The most fundamental reason is that our understanding of immunotherapy is still in its early stages. We don't understand why OX40 agonists work well and don't understand why checkpoint inhibitors are so effective. This is like going beyond the last lottery winner. He doesn't know how to surpass himself. The other numbers he won and the winning number are almost not related. There are not five numbers that are only one number. An article in the 2004 Nature Journal listed immunotherapy as the first of many hype in the pharmaceutical industry. Until 2012, when Opdivo's lung cancer data came out, few people believed that PD-1 could become a climate. The whole industry's understanding of immunotherapy is evident. Although we have made great progress in the past few years, there is still no essential breakthrough in predicting the clinical response of new therapies, and there is no good way to predict responding inhibitors by biomarkers.
Checkpoint inhibitors theoretically kill tumor cells by activating the immune system, but preclinical models of PD-1 and CTLA4 inhibitors inhibit tumor growth activity. These checkpoint inhibitors are not the best even by activating some of the immune system's indicators such as cytokine synthesis and secretion. The lack of a reliable preclinical model is a practice for the development of immunotherapy. Although the preclinical model without any disease is completely reliable, screening for drugs through clinical trials is not economically sustainable if reliability does not reach a certain threshold.

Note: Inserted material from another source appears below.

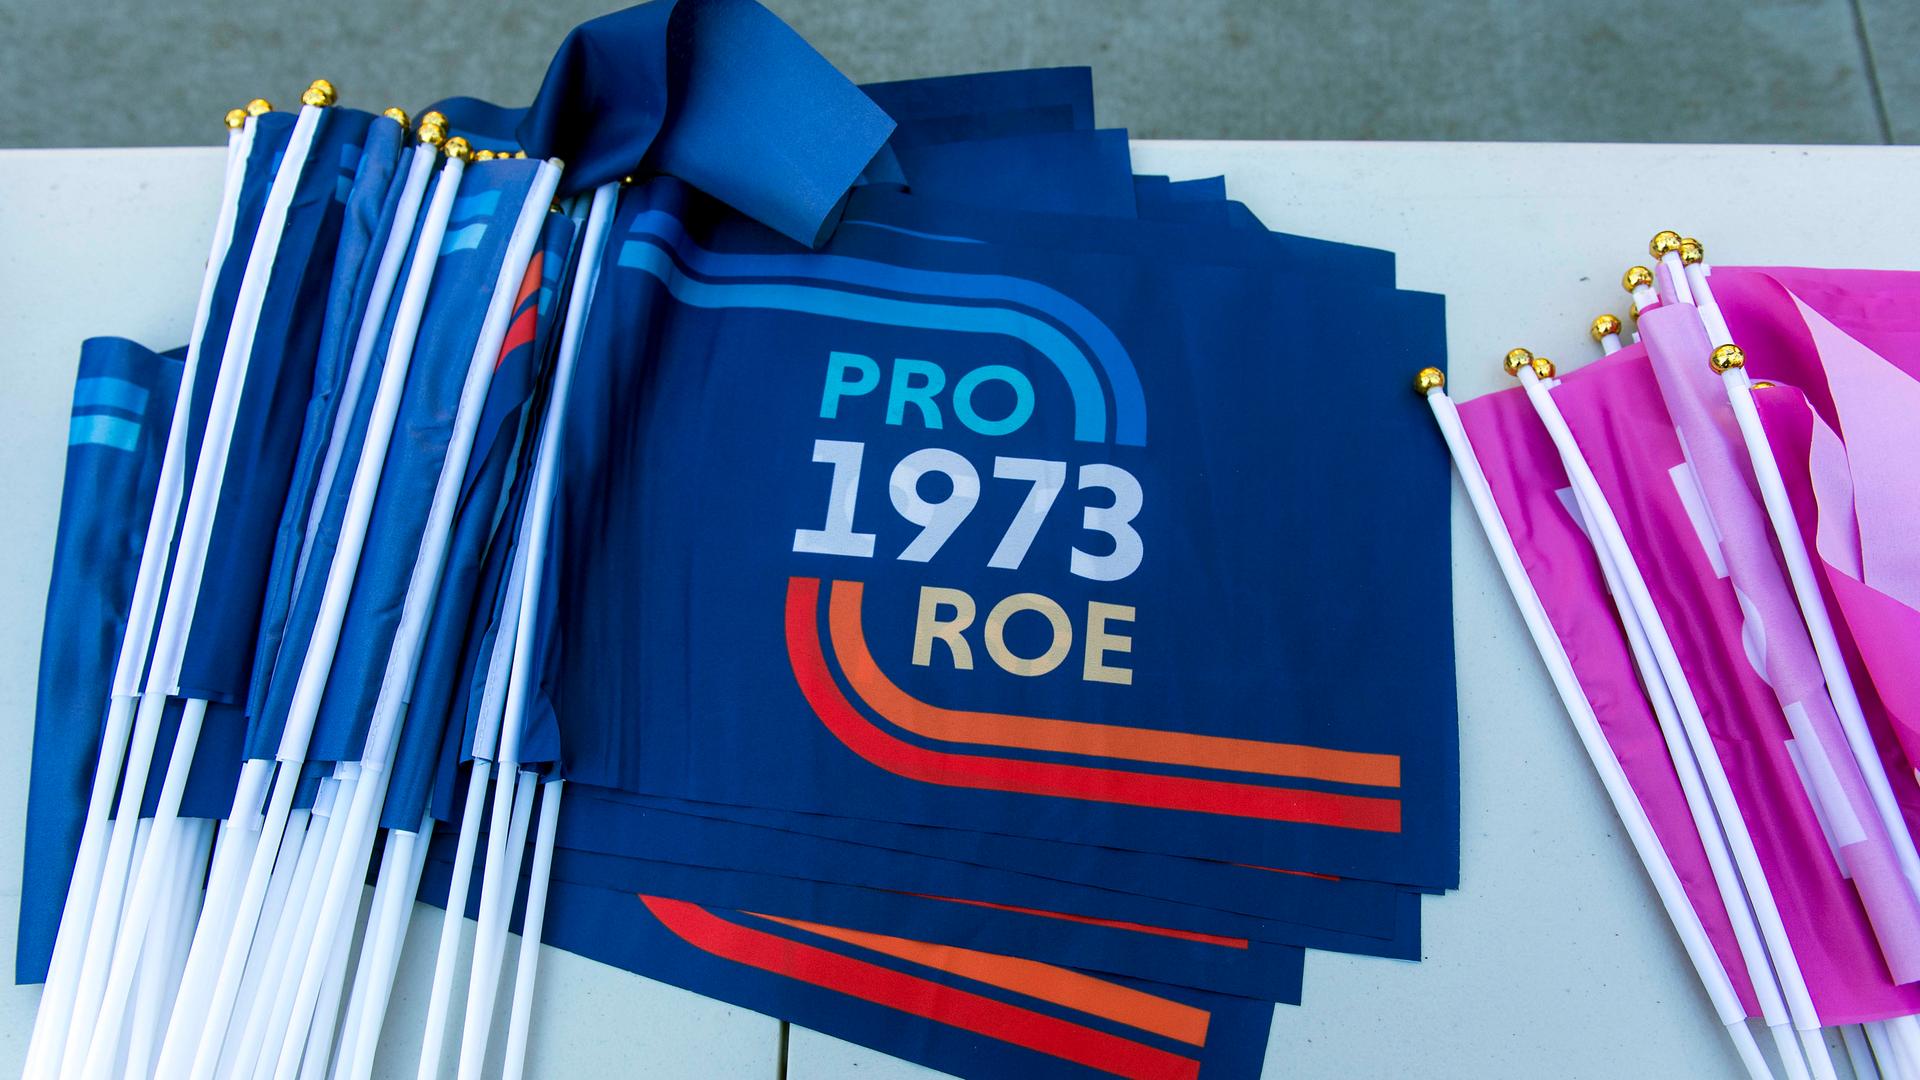 Eine Fahne liegt auf einem Tisch. Auf ihr steht "Pro Roe 1973".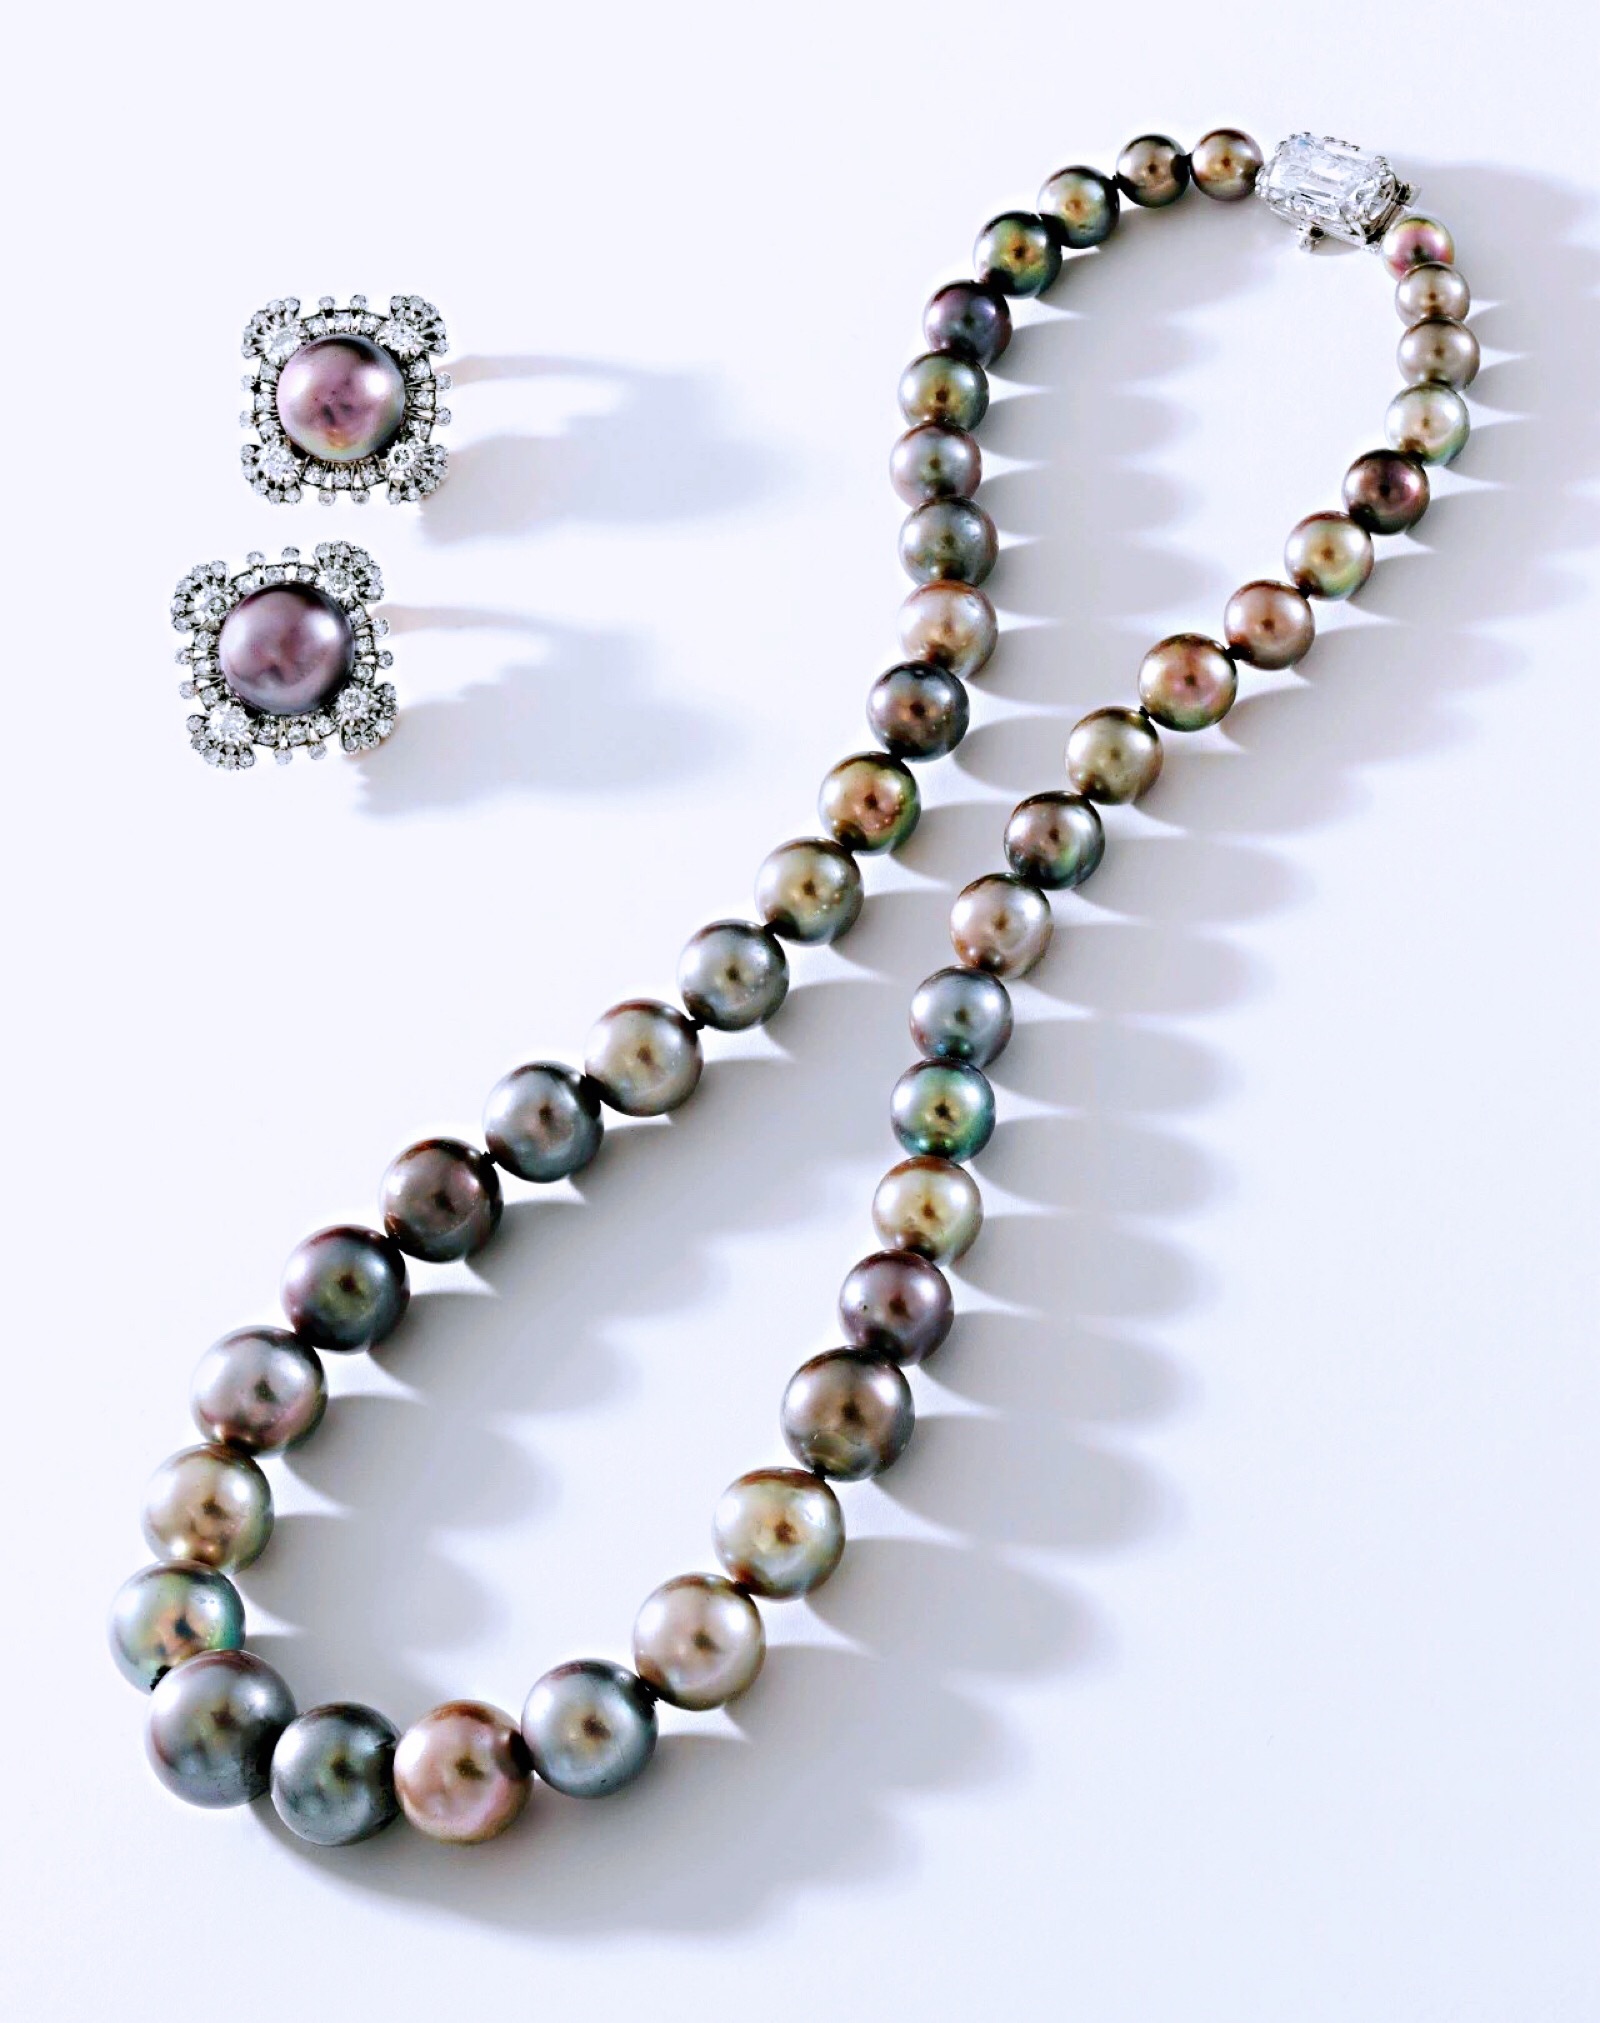 天然珍珠配钻石项链卡地亚伦敦(cartier london)及天然珍珠配钻石耳环

Several companies that already have checkpoint inhibitors are big and big pharmaceutical companies, and each combination therapy that is currently underway is tens of hundreds. This is making it more difficult to recruit patients from other immunotherapy clinical trials, extending development time and increasing costs in disguise. In addition, these combinations make the threshold of later treatments higher and increase the difficulty of competition. The success of CD38 and Claudin 18.2 antibodies seems to indicate that anti-cancer is not only an immediate immunotherapy, but there are still many unknown mechanisms waiting for us to develop.